Whenever people talk about Barbara, they inevitably bring The Aztecs screaming
to the fore. It’s inevitable for a very good reason – it’s a tour de force for Barbara’s
character, her determination that goodness is more important than the history
she thinks she knows almost landing them in terrible trouble in The Aztecs. Barbara
is the more inherently challenging of the two teachers on board the ship –
frequently demanding how or why when the Doctor insisted a thing was so, where
Ian, for the sake of a more direct route to the end of arguments, adventures
and ultimately their originally enforced journey, would often simply accept the
will of the pilot of their ship and do whatever was deemed necessary. You can
over-analyse this and reach a deeper conclusion than was ever intended,
assuming that whereas science teacher Ian saw things in that black-and-white way
of the discipline – this is the world with which we’re faced, let’s get on with
it – Barbara, with her historical understanding of perspectives and people,
wanted to know why she should or
shouldn’t do a thing. She was never obstreperous for the sake of it, never
needlessly difficult, but Barbara, more than Ian, took her teaching instinct,
her fierce determination to do the best thing she could, into time and space
with her and applied it to the universe she found.
That’s
never more strongly shown though than in The Aztecs, where, confronted with the
Doctor’s determination to let people be sacrificed – both individually on
altars and as an entire culture when the European invaders arrive – Barbara’s
concern both for people and historic cultures burns through, and as the goddess
Yetaxa she sets herself up in frank opposition to the wisdom of the time
travelling old man. While as events unfold, history as the Doctor knows it
proves unbeatable, it was the first time a companion had confronted the
Doctor’s assessment of the universe in so blatant a fashion, and it would stand
as one of the only times such a thing was done in Classic Who, though it was a
question to be bitterly raised in New Who through the pleading voice of Donna
Noble – ‘Save someone.

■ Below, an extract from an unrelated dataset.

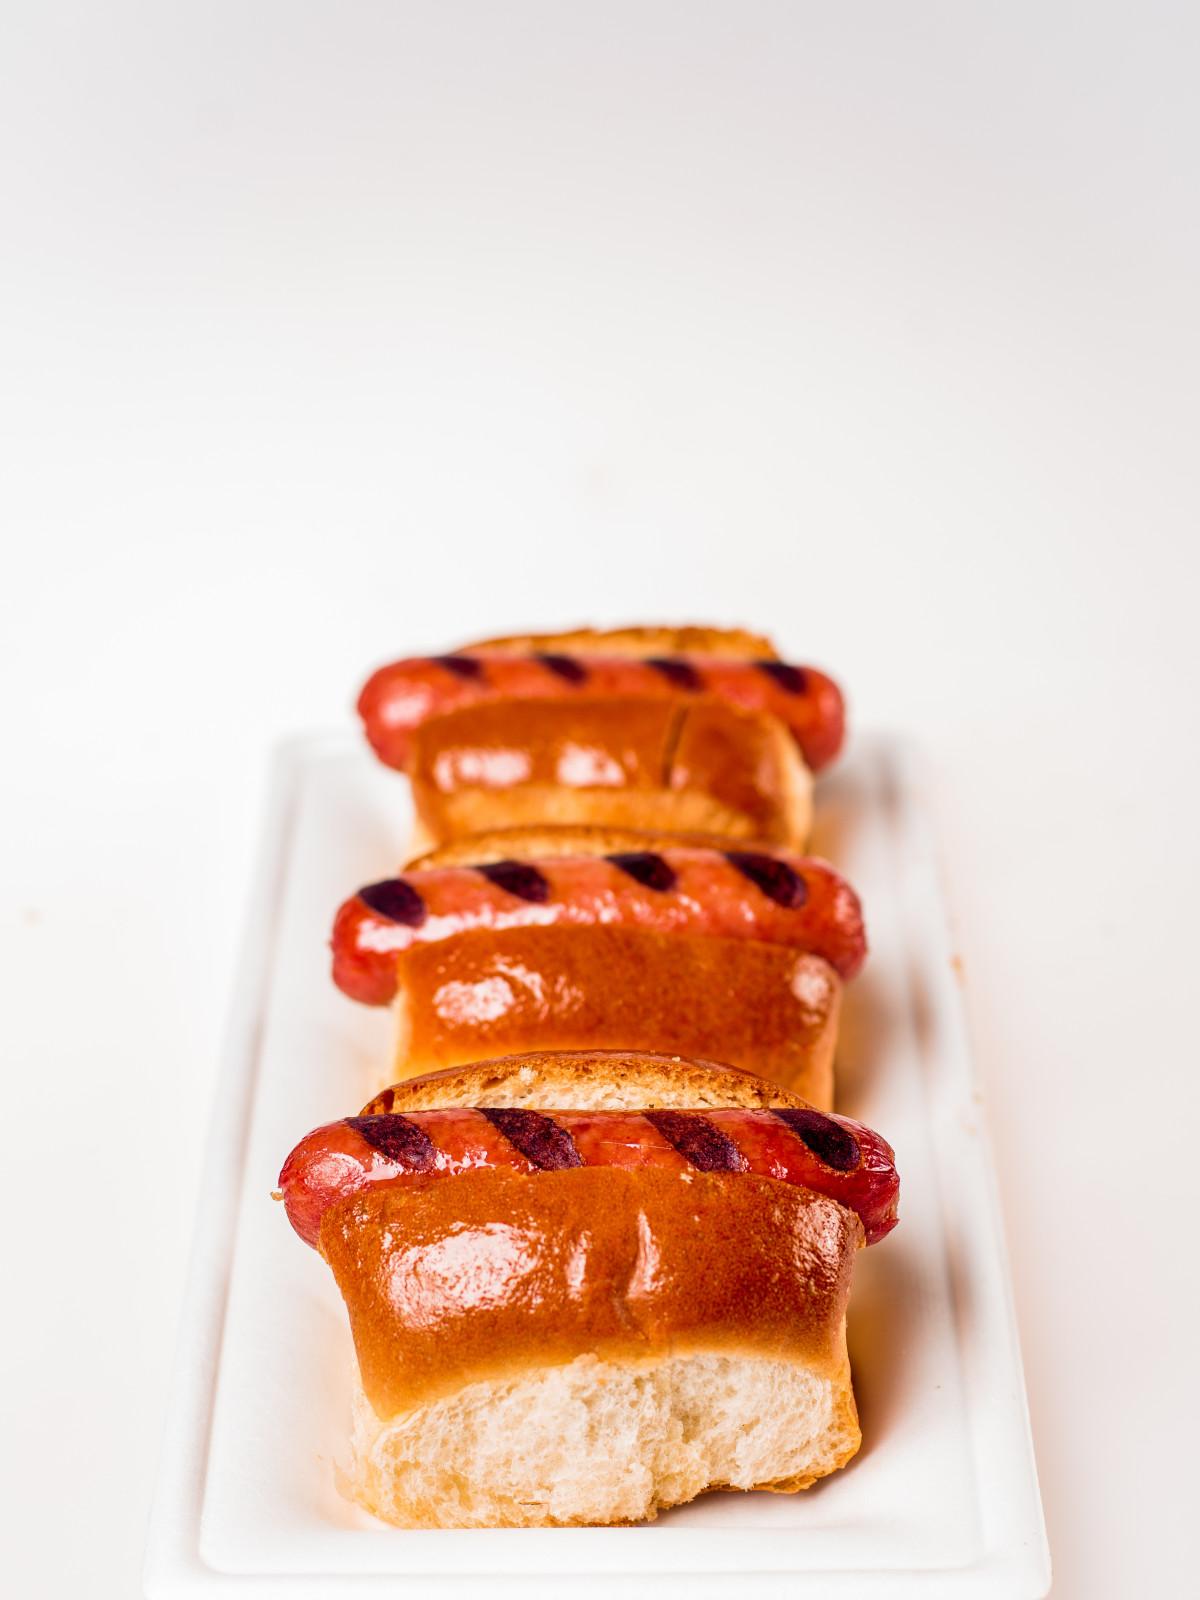 Astros Hot Dog Sliders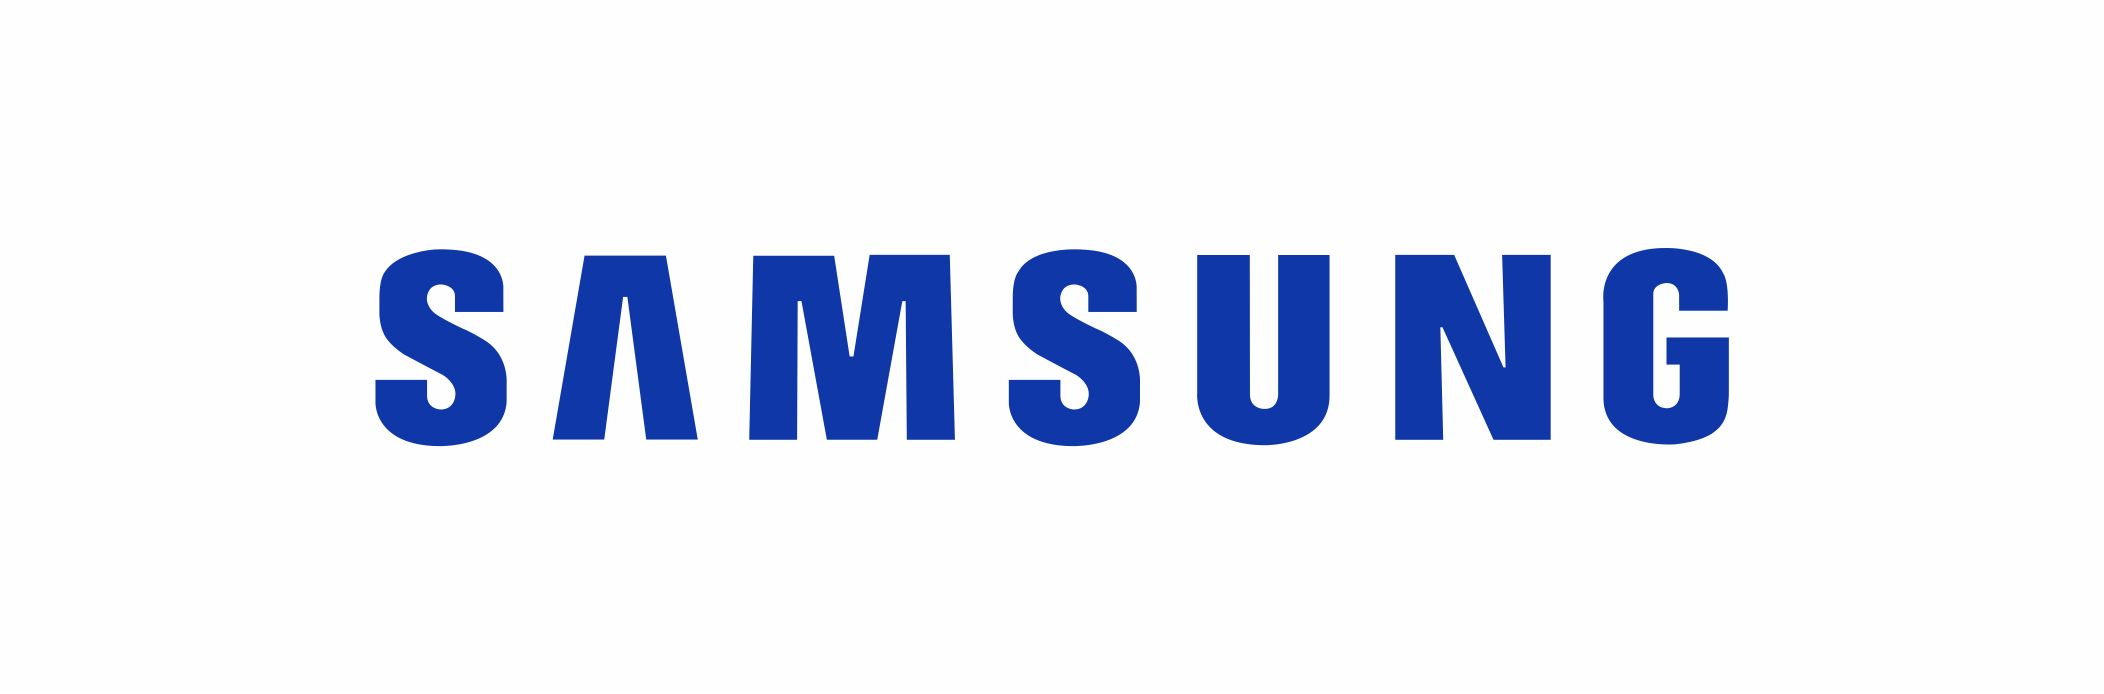 #8 Samsung

Not everyone. Just someone!’ and the furious voice of
Amy Pond – ‘If you don’t save everyone, then what is the point of you?’
That
question, decades before, was essentially Barbara’s mantra in The Aztecs –
changing history ‘for the better,’ and assuming she knew what ‘better’ meant because
she had the foreknowledge of what was coming. In an age before the novel idea
of ‘fixed points and flexible points in time’ had been developed, it was
Barbara Wright, schoolteacher, who stood up to the Doctor’s long view of
history and helped to change the old man for the better. He might be proved
right in The Aztecs, but just as Ian had shown him a different way, stopping
him from killing a caveman early in their travels, Barbara in The Aztecs shows
him the power of compassion.
After
the Doctor leaves Susan behind on Earth, it’s Barbara who instinctively steps
in to take some degree of care of him, distract him from his wandering
thoughts, knowing what he needs, and she’s also instrumental in helping him to
accept Vicki on board. Ultimately though, when the opportunity arises in The
Chase to leave the Doctor and her new vagabond lifestyle behind, it’s Barbara
who weighs up the lives that she could lead and finds a universe of wonders can
be forsaken for the simple joys of life on Earth. Ian, as was never really in
doubt, follows her.
Sadly
of course, Jacqueline Hill passed away before Big Finish was around to offer
her the chance to broaden and deepen the character of Barbara in person, as it
has done for William Russell’s Ian. She’s been well represented though, in
stories like The Revenants, The Flames of Cadiz, The Dark Planet and, if you
can get hold of it, The Fragile Yellow Arc of Fragrance. Perhaps the last word
on Barbara though belongs to Russell T Davies, who in The Sarah-Jane Adventures
mentioned ‘Ian and Barbara Chesterton, professors at Cambridge,’ who it was
rumoured hadn’t aged since the 60s. Barbara was a teacher first, foremost and
always, and she found a way to use her compassion for young students and her
enthusiasm for her subject, on a broader canvas. And there, in Cambridge, we
can picture Barbara Chesterton, nee Wright, smiling at her class and at us,
having acknowledged the love and care of Ian - her friend, her partner in
adventures and eventually, her partner in life.